Quota-based debiasing can decrease representation of already underrepresented groups

TL;DR

The paper addresses the Debiasing Paradox: quota-based debiasing on a single binary attribute can worsen representation for already underrepresented subgroups when other correlated attributes are ignored. It introduces a theoretical model with two correlated binary attributes and perceived quality , showing a condition under which debiasing on one attribute harms the most disadvantaged group. The authors validate the phenomenon across four real-world domains—education, wages, scientific citations, and recidivism—finding that quotas often decrease representation for certain subgroups and can reduce overall ranking fairness. They advocate for addressing root causes of inequality rather than relying on numeric quota solutions, and provide publicly available code to reproduce the results.

Abstract

Many important decisions in societies such as school admissions, hiring, or elections are based on the selection of top-ranking individuals from a larger pool of candidates. This process is often subject to biases, which typically manifest as an under-representation of certain groups among the selected or accepted individuals.

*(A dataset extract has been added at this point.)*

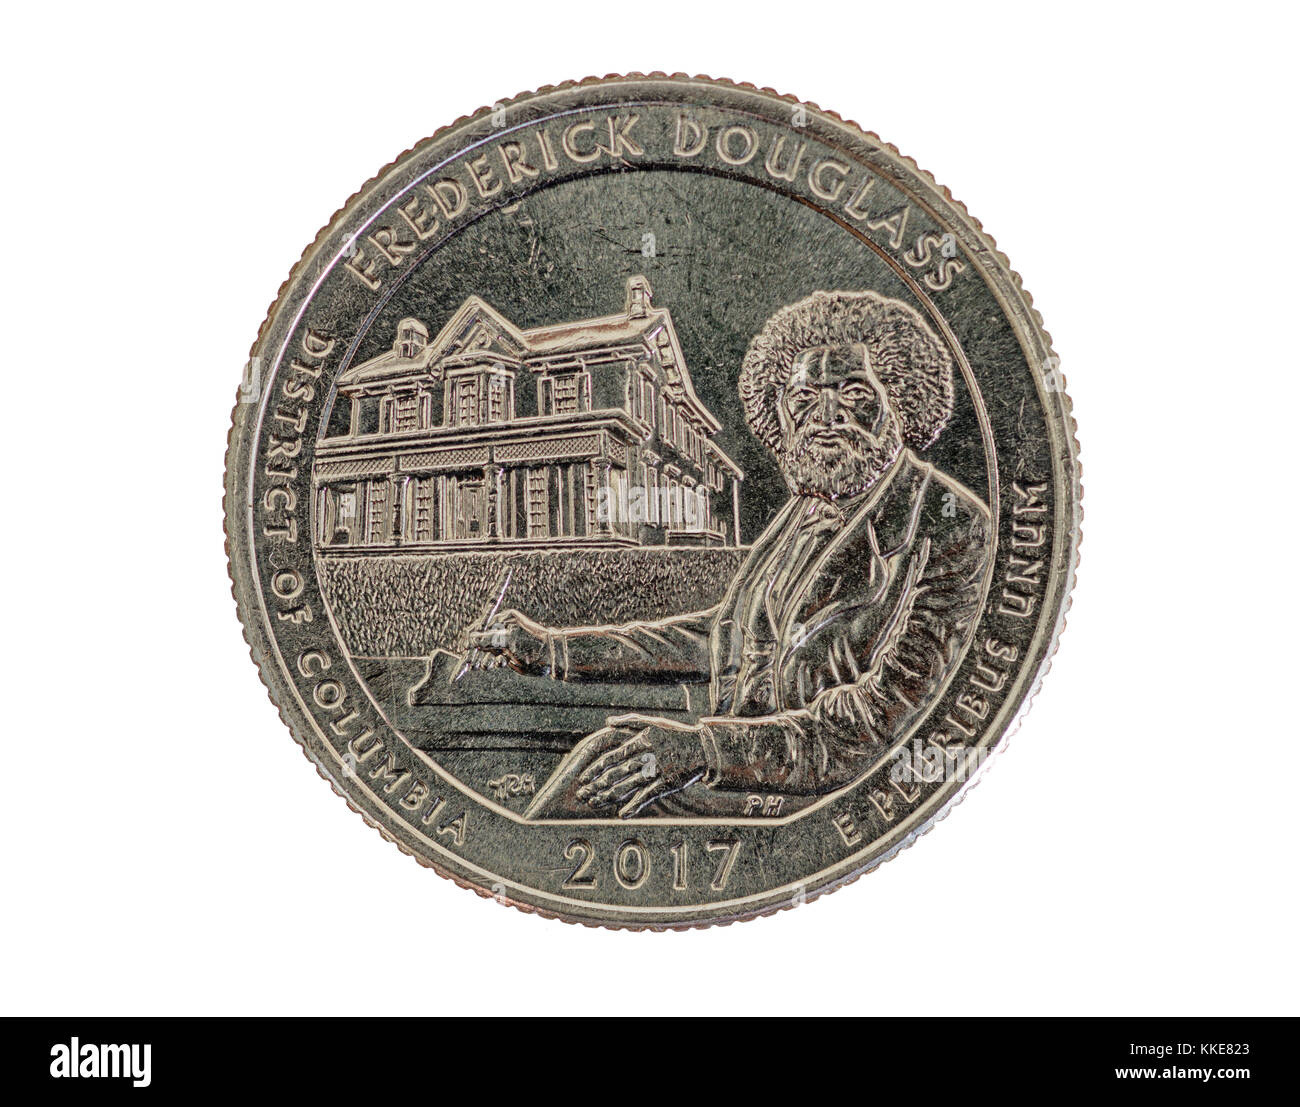 Frederick Douglass District of Columbia commemorative quarter coin Stock Photo

The most common approach to this issue is debiasing, for example via the introduction of quotas that ensure proportional representation of groups with respect to a certain, often binary attribute. Cases include quotas for women on corporate boards or ethnic quotas in elections. This, however, has the potential to induce changes in representation with respect to other attributes. For the case of two correlated binary attributes we show that quota-based debiasing based on a single attribute can worsen the representation of already underrepresented groups and decrease overall fairness of selection. We use several data sets from a broad range of domains from recidivism risk assessments to scientific citations to assess this effect in real-world settings. Our results demonstrate the importance of including all relevant attributes in debiasing procedures and that more efforts need to be put into eliminating the root causes of inequalities as purely numerical solutions such as quota-based debiasing might lead to unintended consequences.

Paper Structure

This paper contains 4 sections, 4 figures, 1 table.

Figures (4)

  • Figure 1: The Debiasing Paradox. If only one attribute (color) is considered then orange entities appear to have an advantage as their average perceived quality is higher (a). In fact, being orange is a disadvantage by construction (c). In this case, while debiasing on color seems to eliminate color bias (b), it, in fact, affects various subgroups differently (d). In particular, it worsens the representation of the already most disadvantaged group of orange stars. We call this effect the debiasing paradox.
  • Figure 2: Illustration of the Debiasing Paradox with real-world data along with model approximations. In all cases, debiasing decreases representation for some of the already underrepresented groups (panels e-h). In some cases debiasing decreases the representation of the most underrepresented group (panel e). Model approximation leads to qualitatively the same results for the changes in representations of groups (decreased on increased representation) implying relevance of our model for the wide range of real-world distributions.
  • Figure 3: The effects of debiasing on the quality of selected candidates for uncorrelated (a) and correlated (b) attributes. When shape and color are uncorrelated and there is no bias for shape (red solid line on panel a) then debiasing on color successfully maximizes the quality of selected candidates. If there exists bias for shape then the maximum value is not achieved but quality is still improved. However, if two attributes are correlated then in some cases overall quality decreases (shaded regions on panel b).
  • Figure S1: Changes in representation of the most underrepresented group. Green color corresponds to the increased representation and red to the decreased representation. The black line corresponds to the analytically derived curve $d_{shape} = -d_{color} / (1 - 2f)$